- Exercise description -
Where a picture shows up in the listing below, omit it and output the rest exactly.

- Collected data -
####

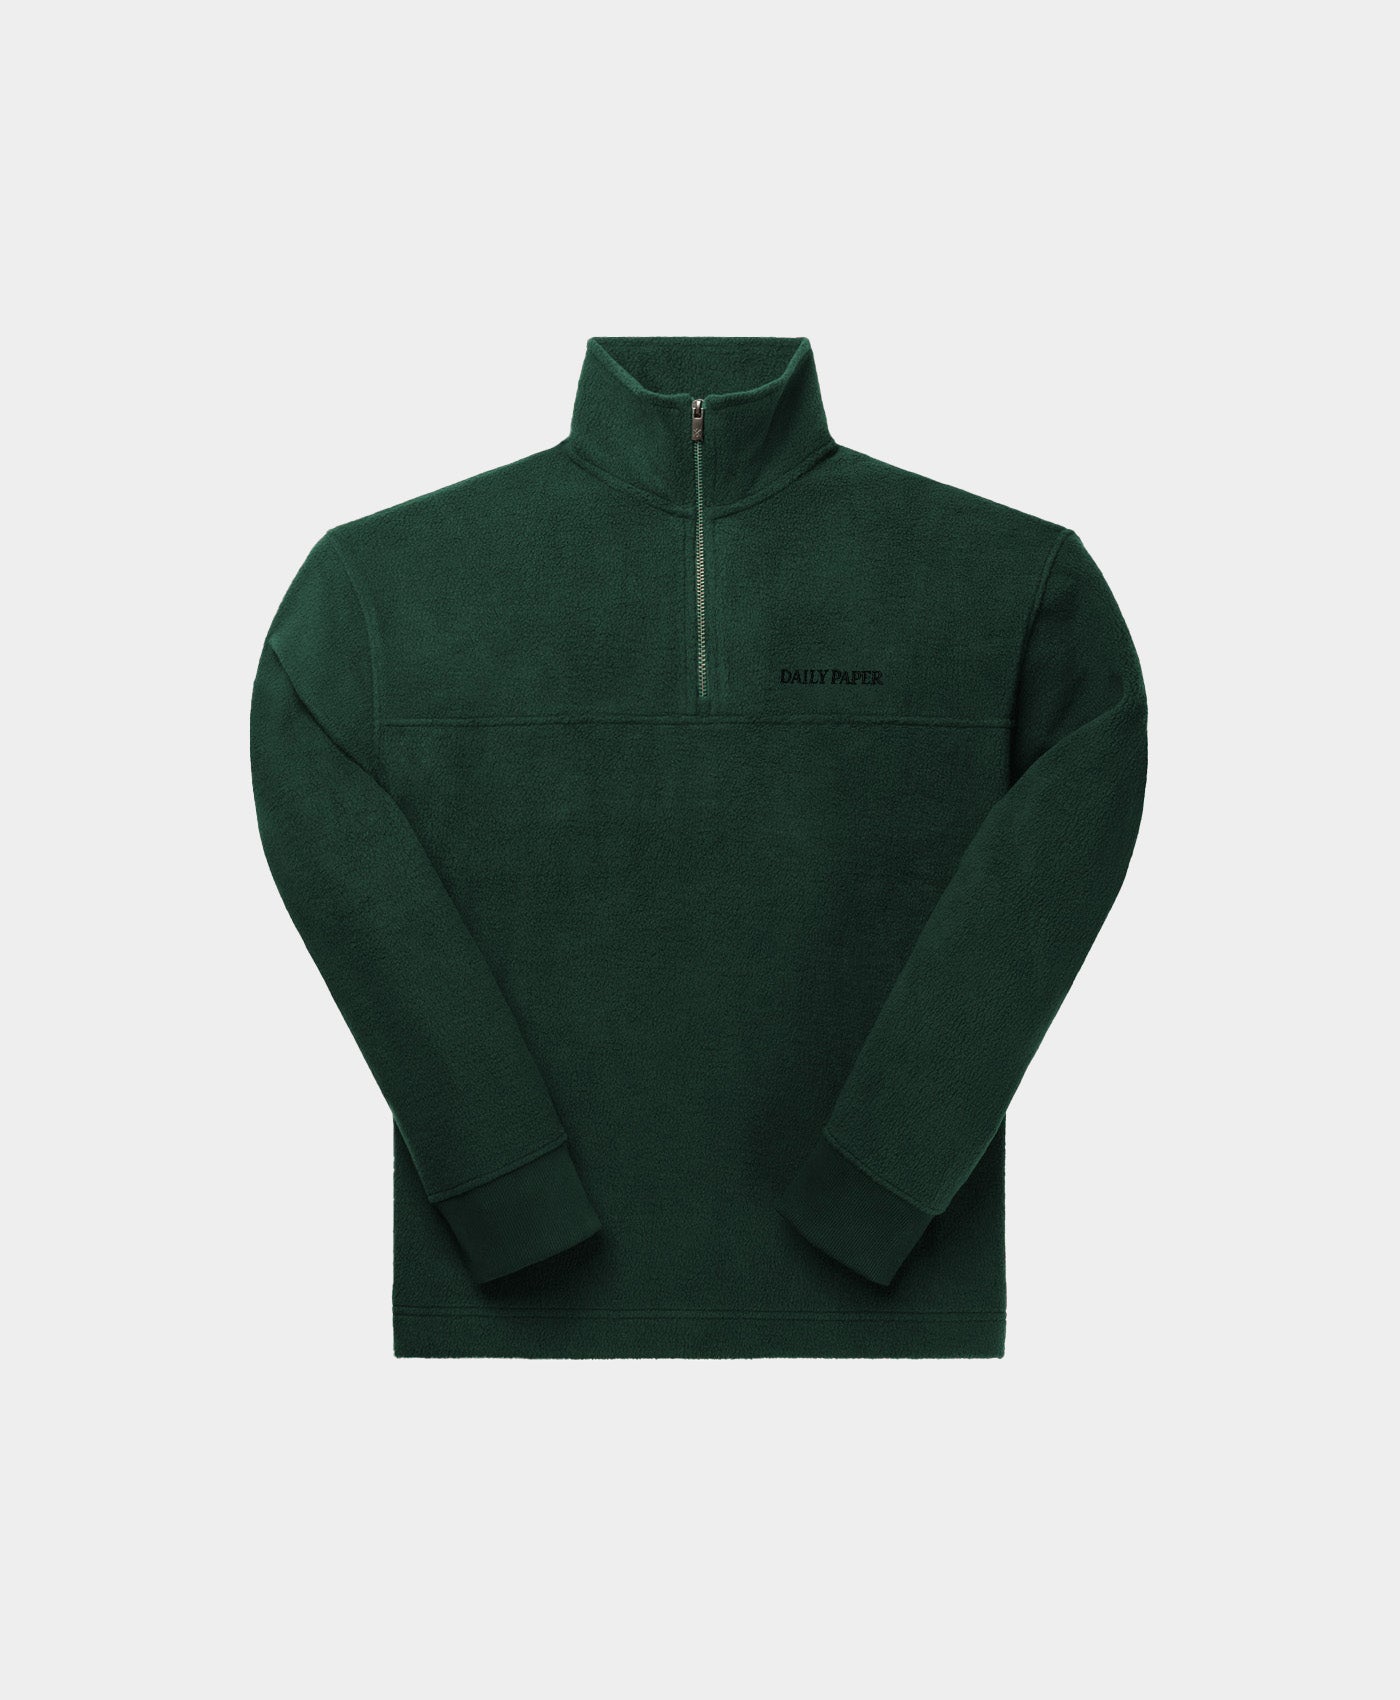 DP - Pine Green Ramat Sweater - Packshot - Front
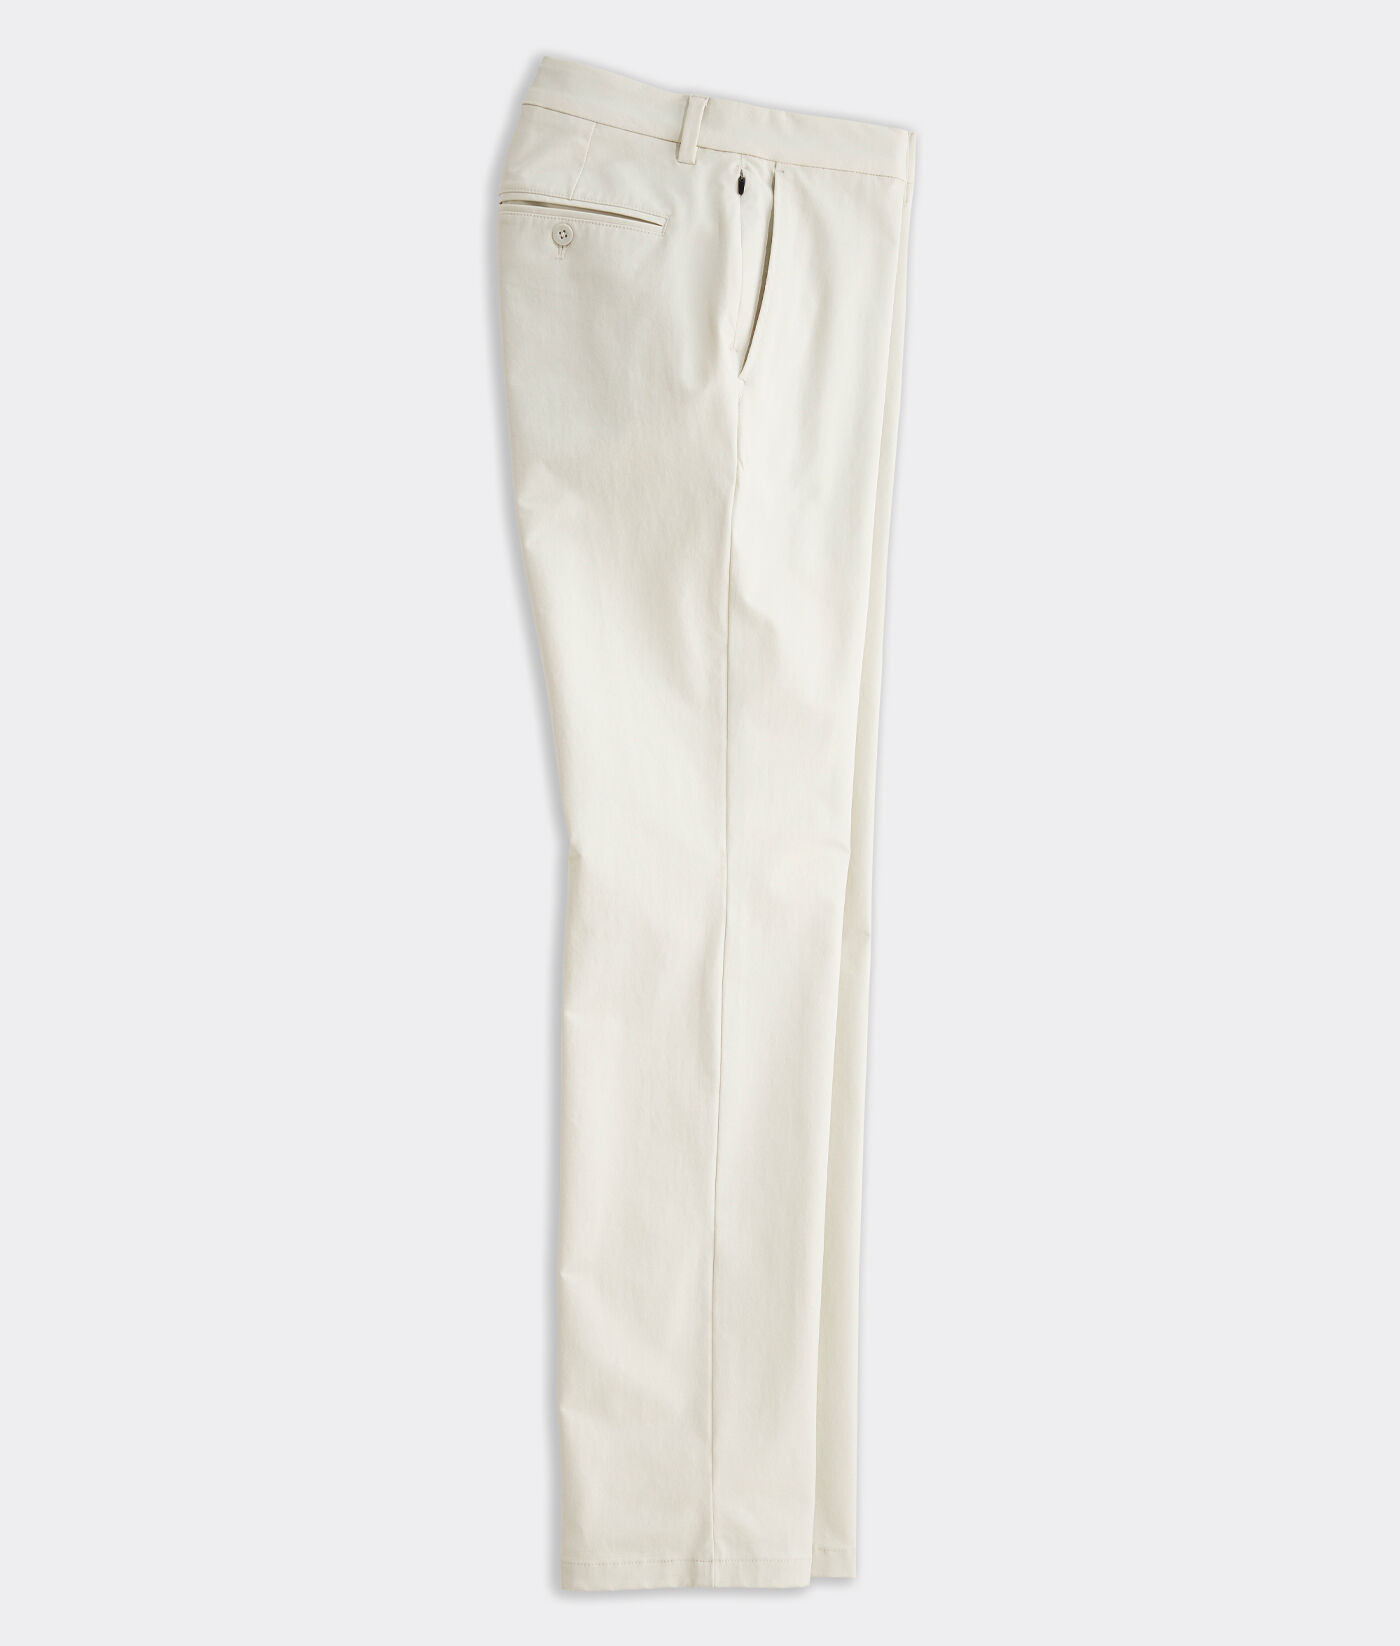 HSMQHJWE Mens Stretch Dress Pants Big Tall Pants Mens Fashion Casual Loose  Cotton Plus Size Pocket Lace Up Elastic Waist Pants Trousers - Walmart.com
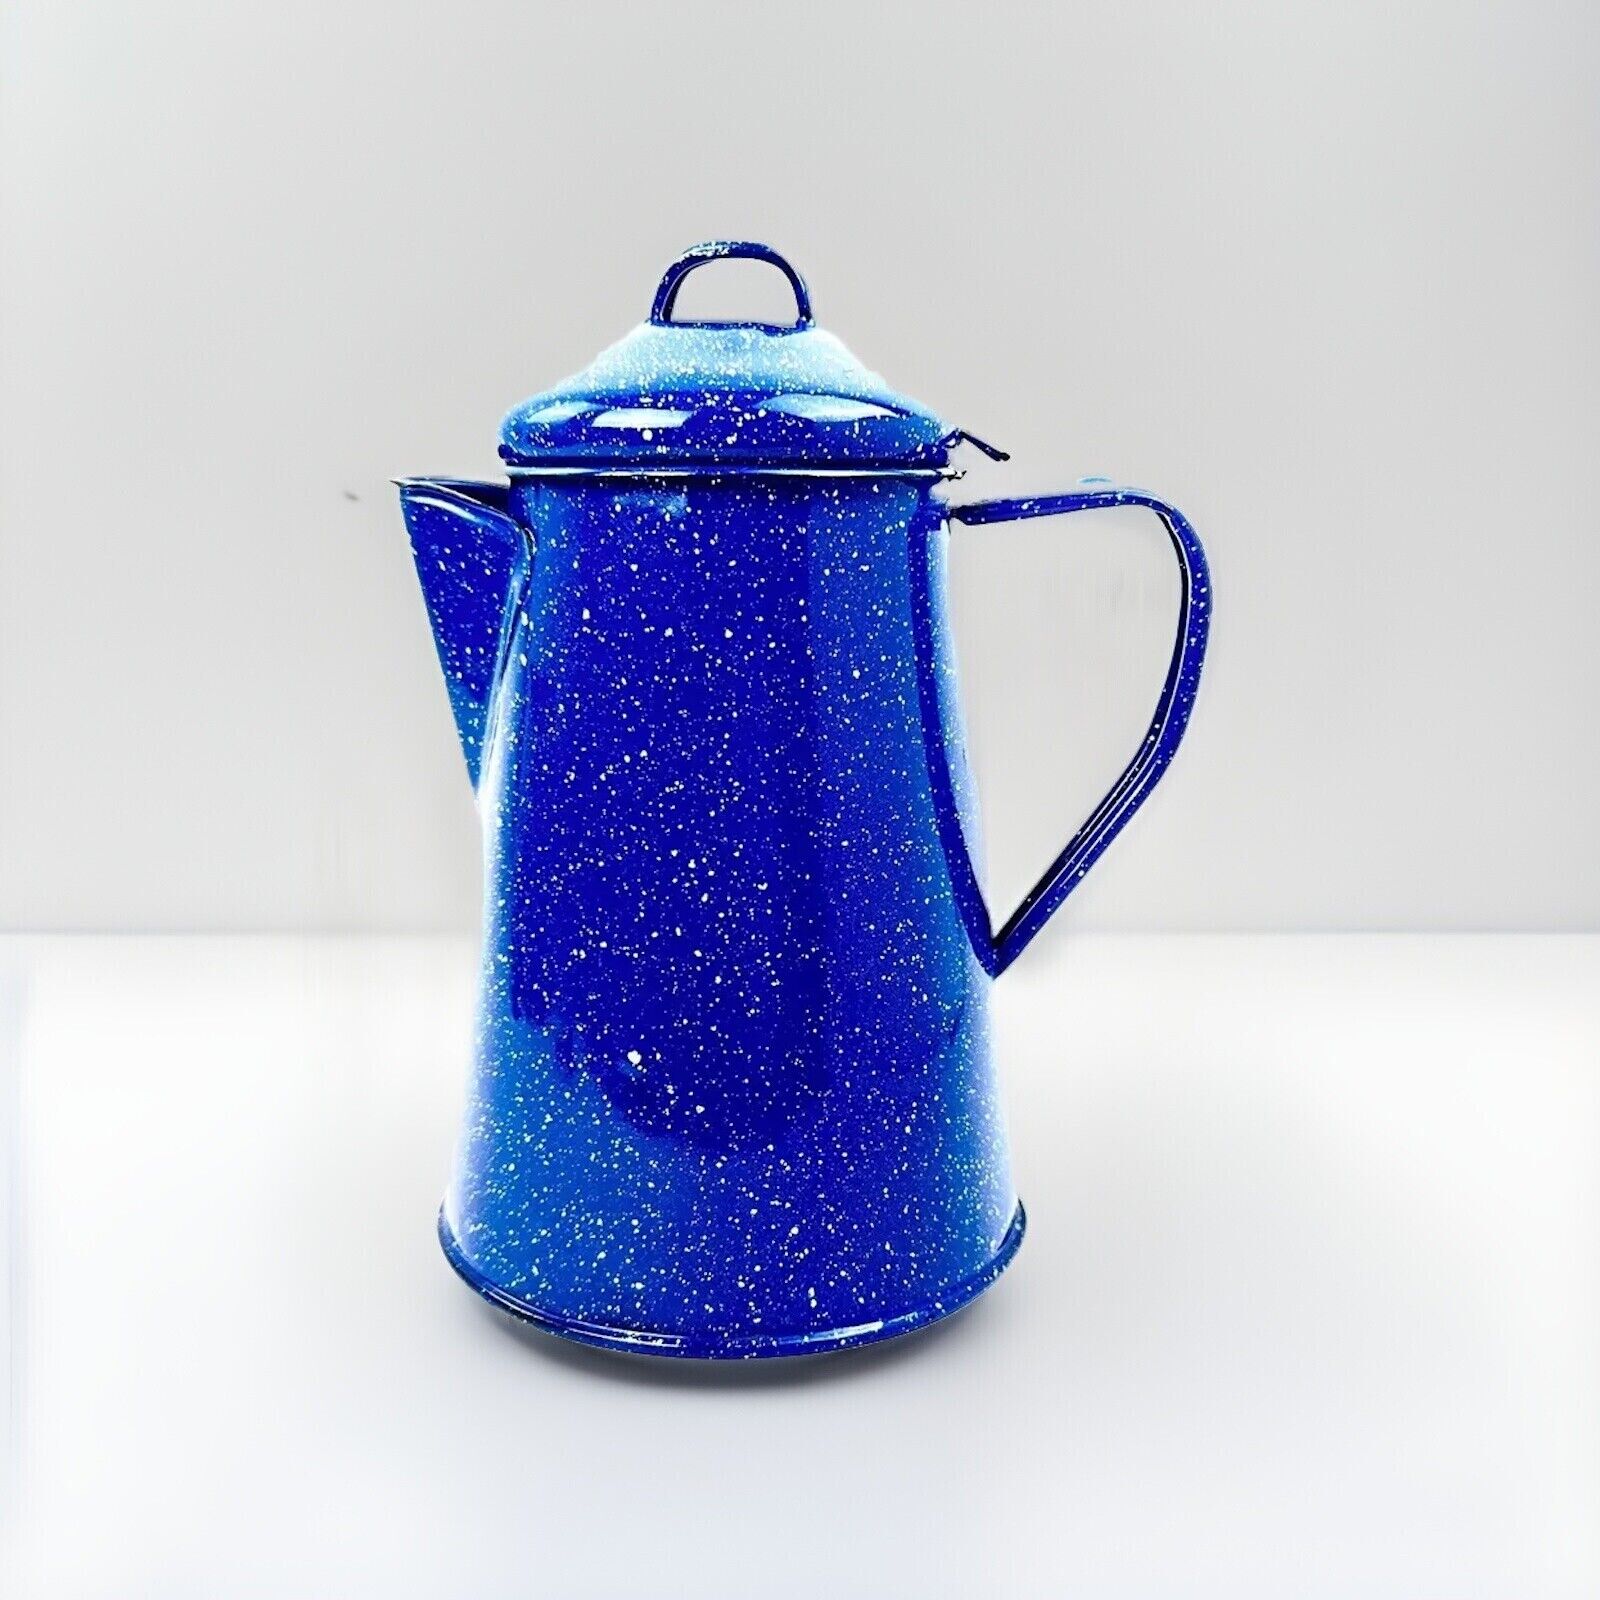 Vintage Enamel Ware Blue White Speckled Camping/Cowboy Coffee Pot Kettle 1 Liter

####

- Solution to this exercise -
 DP - Pine Green Ramat Sweater - Packshot - Front
 HSMQHJWE Mens Stretch Dress Pants Big Tall Pants Mens Fashion Casual Loose  Cotton Plus Size Pocket Lace Up Elastic Waist Pants Trousers - Walmart.com
 Vintage Enamel Ware Blue White Speckled Camping/Cowboy Coffee Pot Kettle 1 Liter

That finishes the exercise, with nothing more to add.